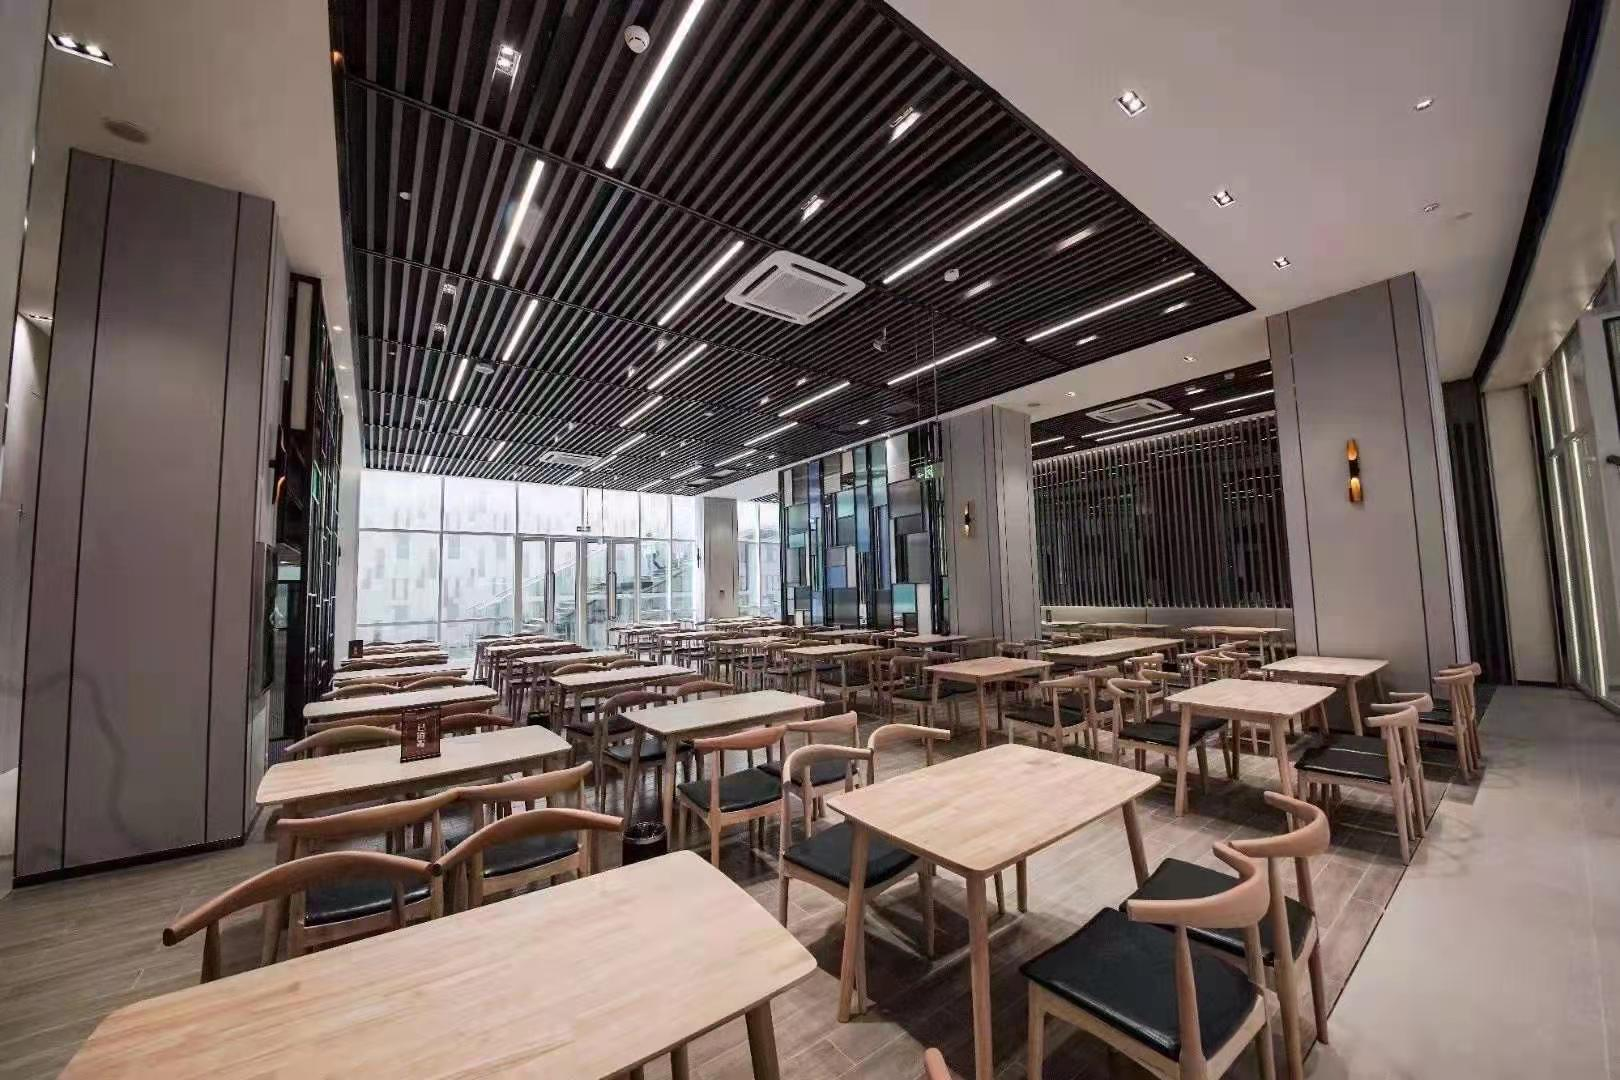 成都爱奇艺创新大厦-食堂
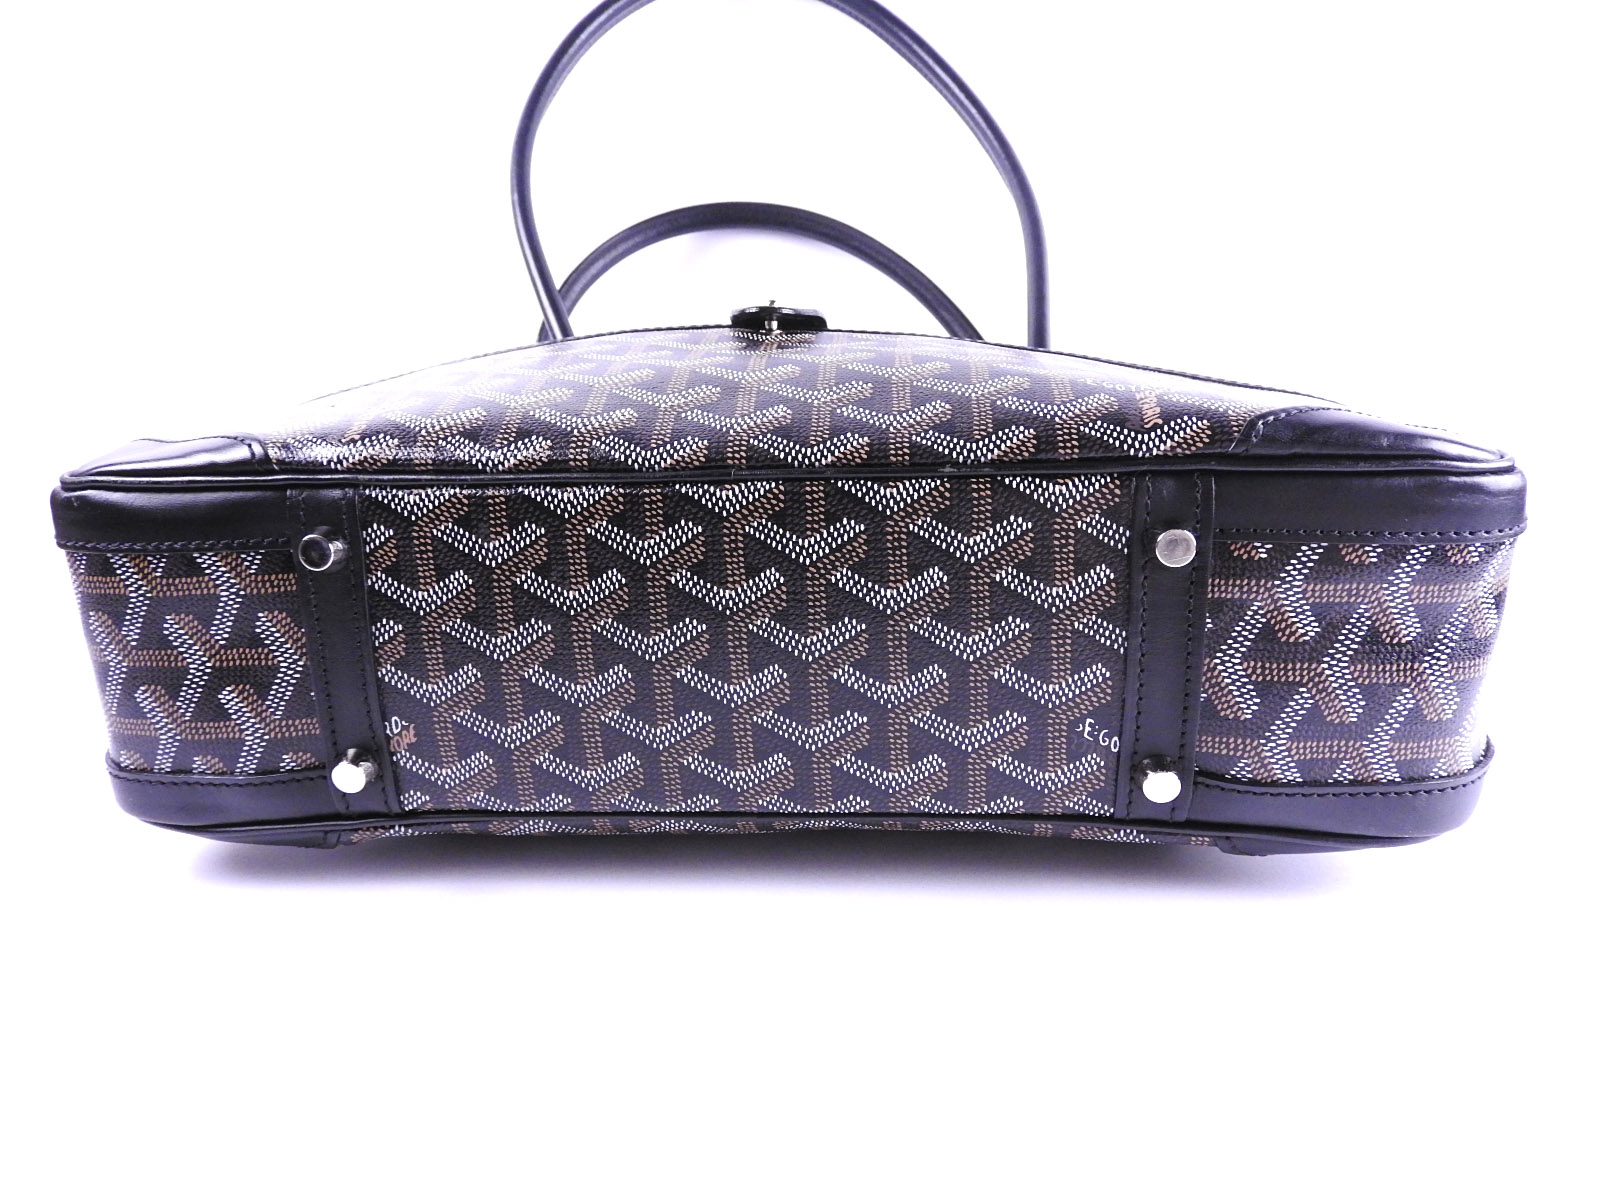 c35339e95f GOYARD Saint Martin Mini Boston Bag Shoulder Hand Bag PVC Leather ...
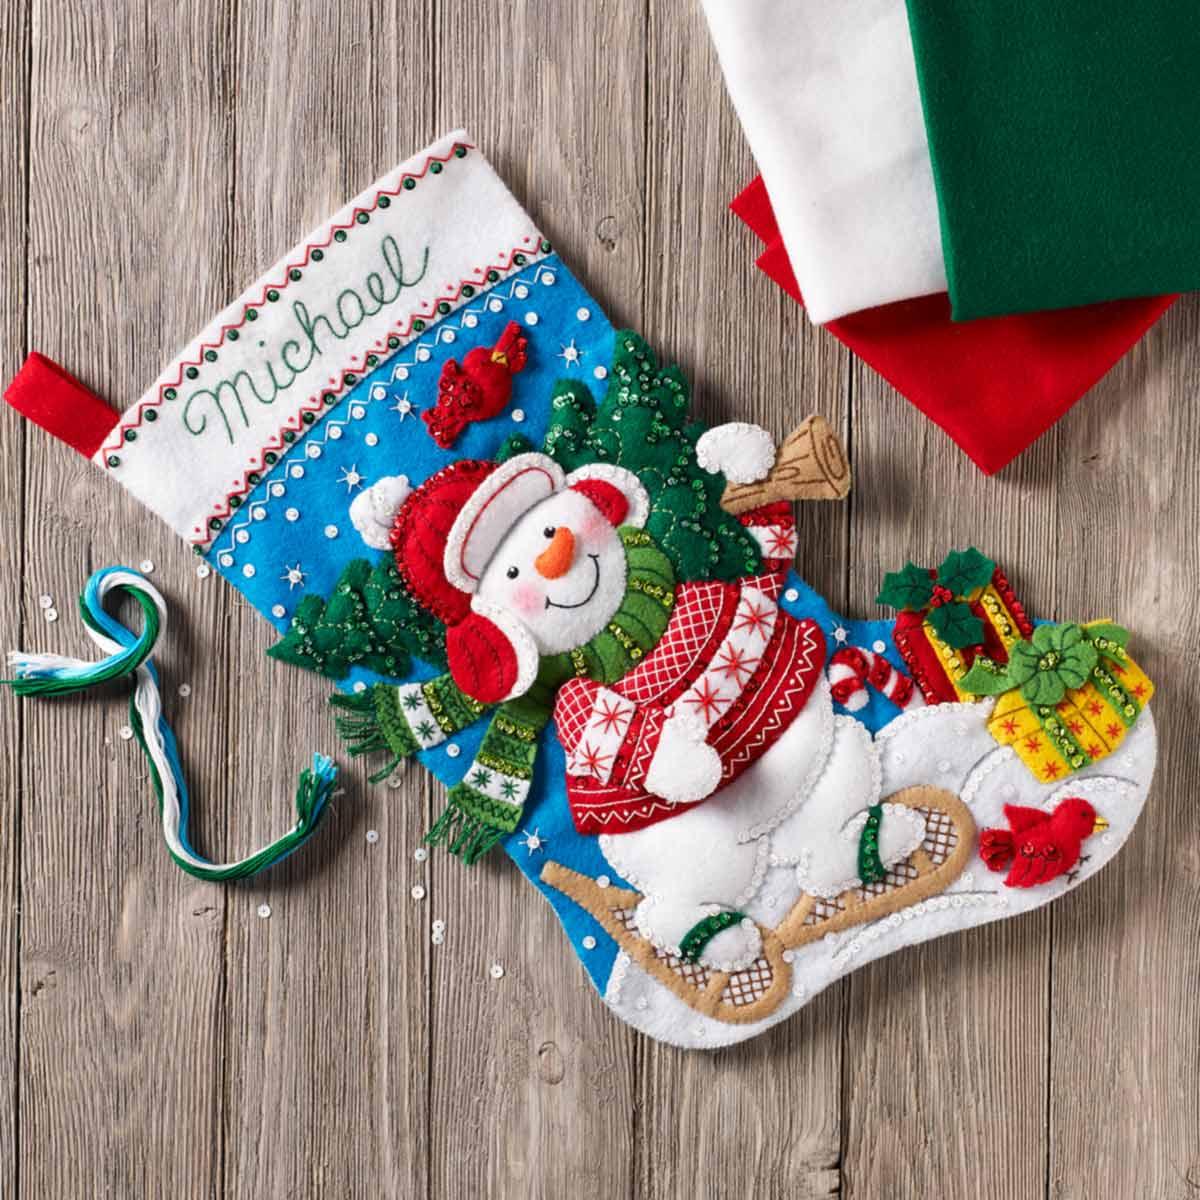 Bucilla ® Seasonal - Felt - Stocking Kits - Nordic Snowman
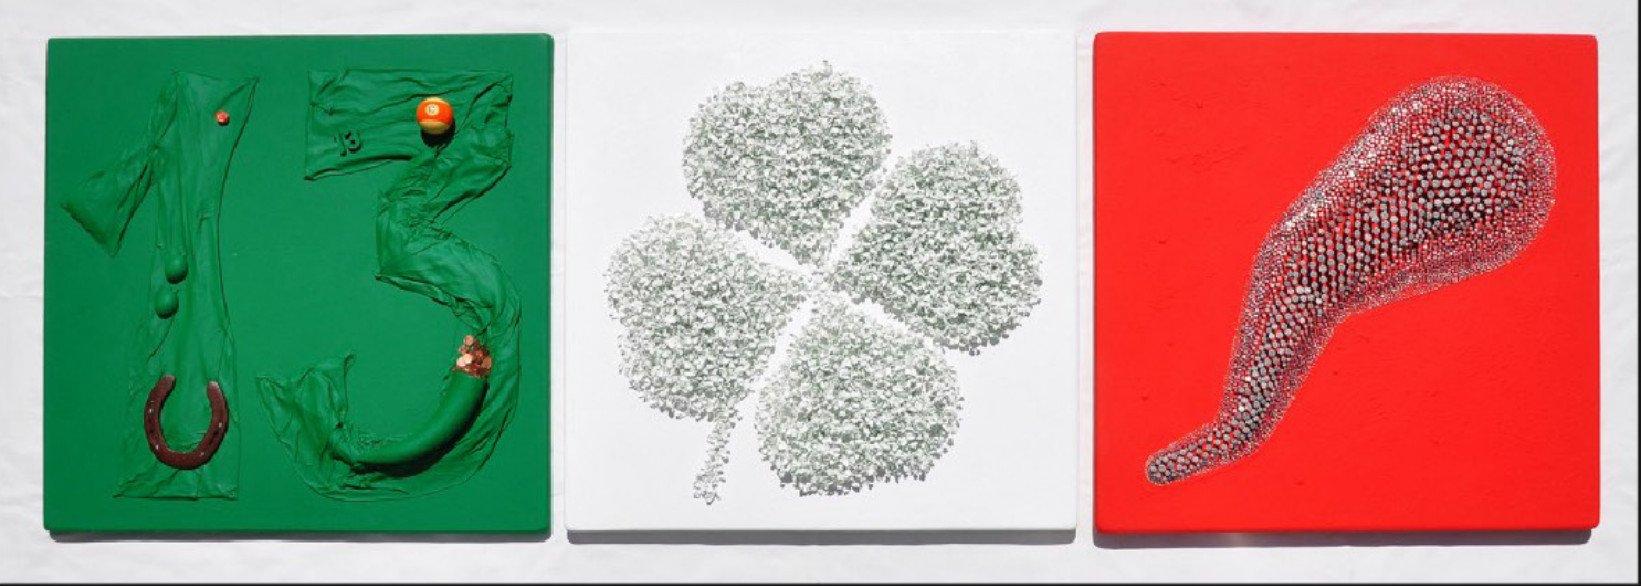 italians_are_not_2
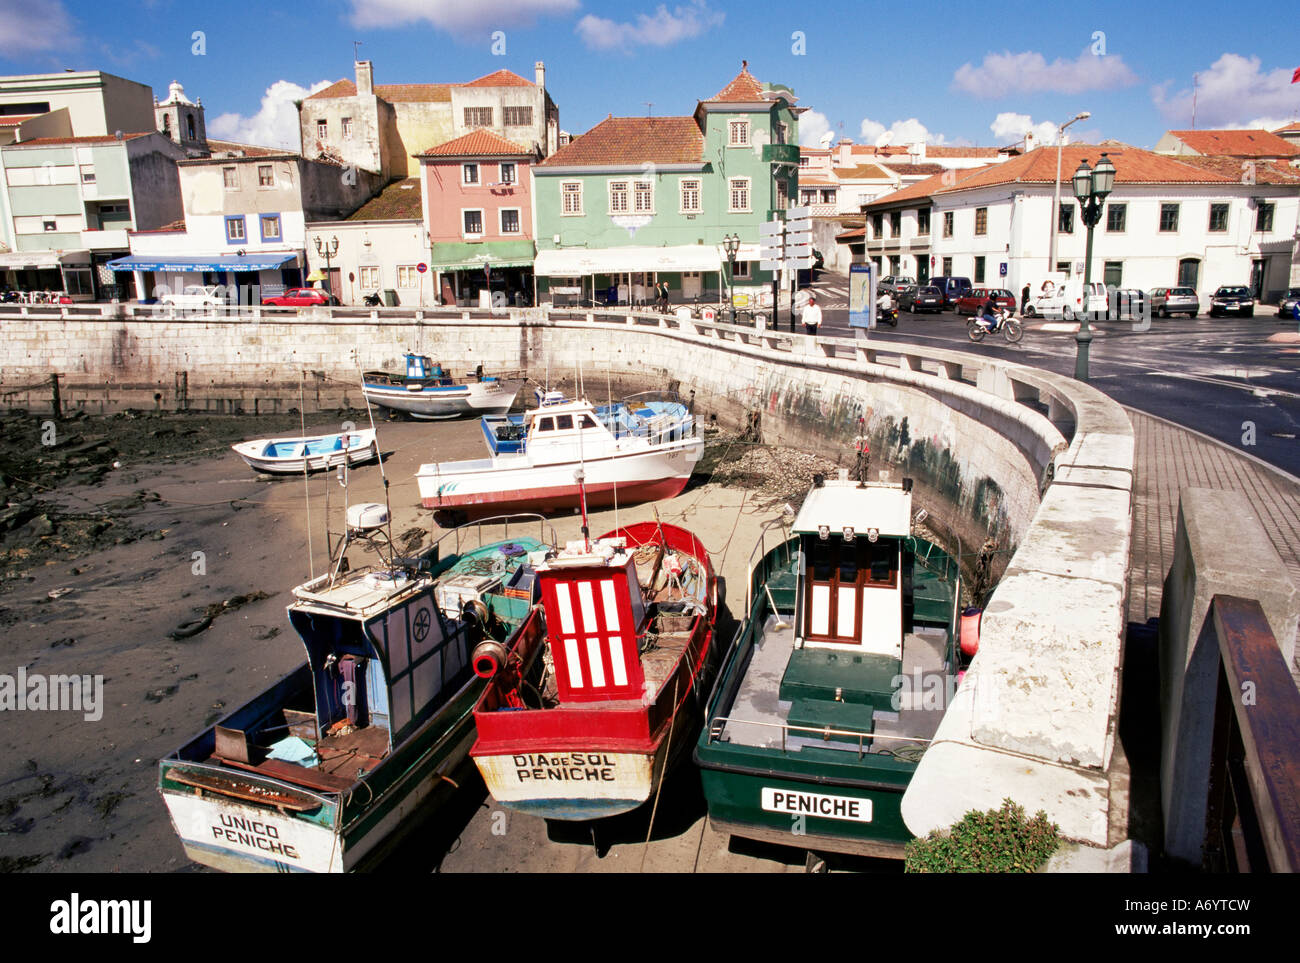 Fishing boats at low tide Peniche Estremadura Portugal Europe - Stock Image
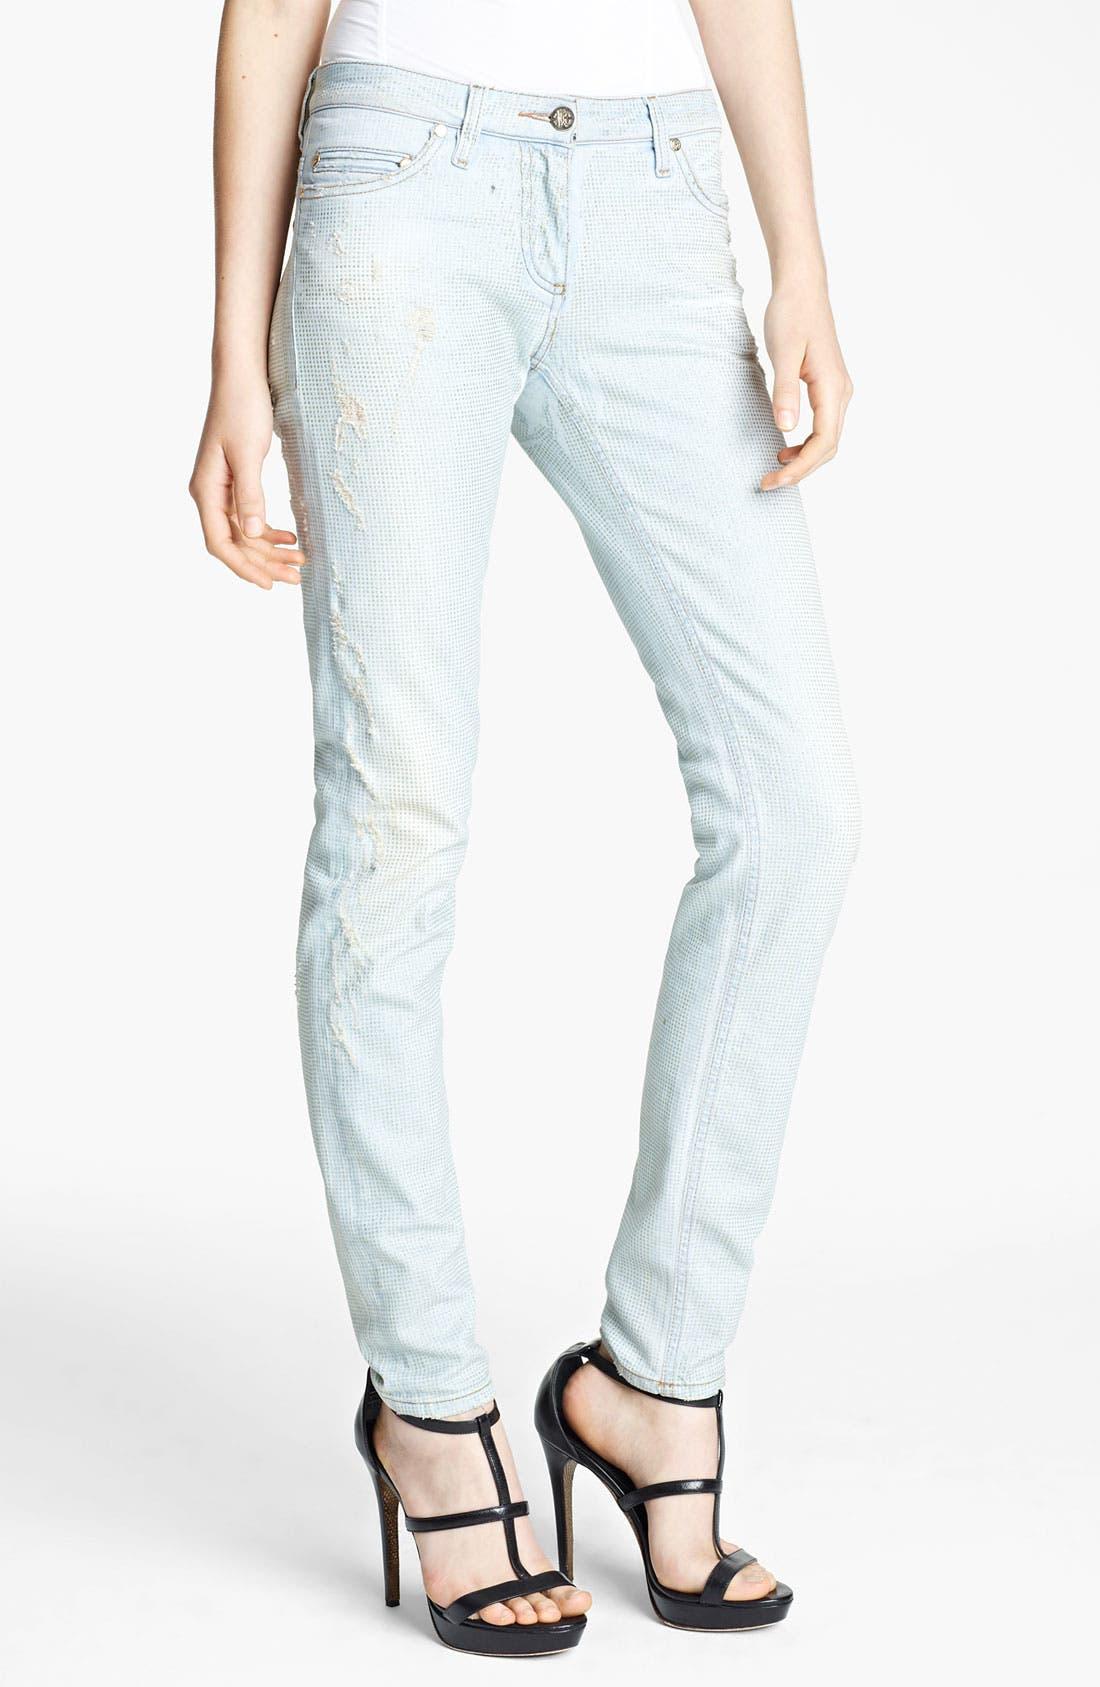 Alternate Image 1 Selected - Roberto Cavalli Crystal Encrusted Skinny Jeans
——————————
## Problem
The response has to be an exact copy of all the data, pictures excluded.

## Result of the task
 成都爱奇艺创新大厦-食堂
 c35339e95f GOYARD Saint Martin Mini Boston Bag Shoulder Hand Bag PVC Leather ...
 Bucilla ® Seasonal - Felt - Stocking Kits - Nordic Snowman
 italians_are_not_2
 Fishing boats at low tide Peniche Estremadura Portugal Europe - Stock Image
 Alternate Image 1 Selected - Roberto Cavalli Crystal Encrusted Skinny Jeans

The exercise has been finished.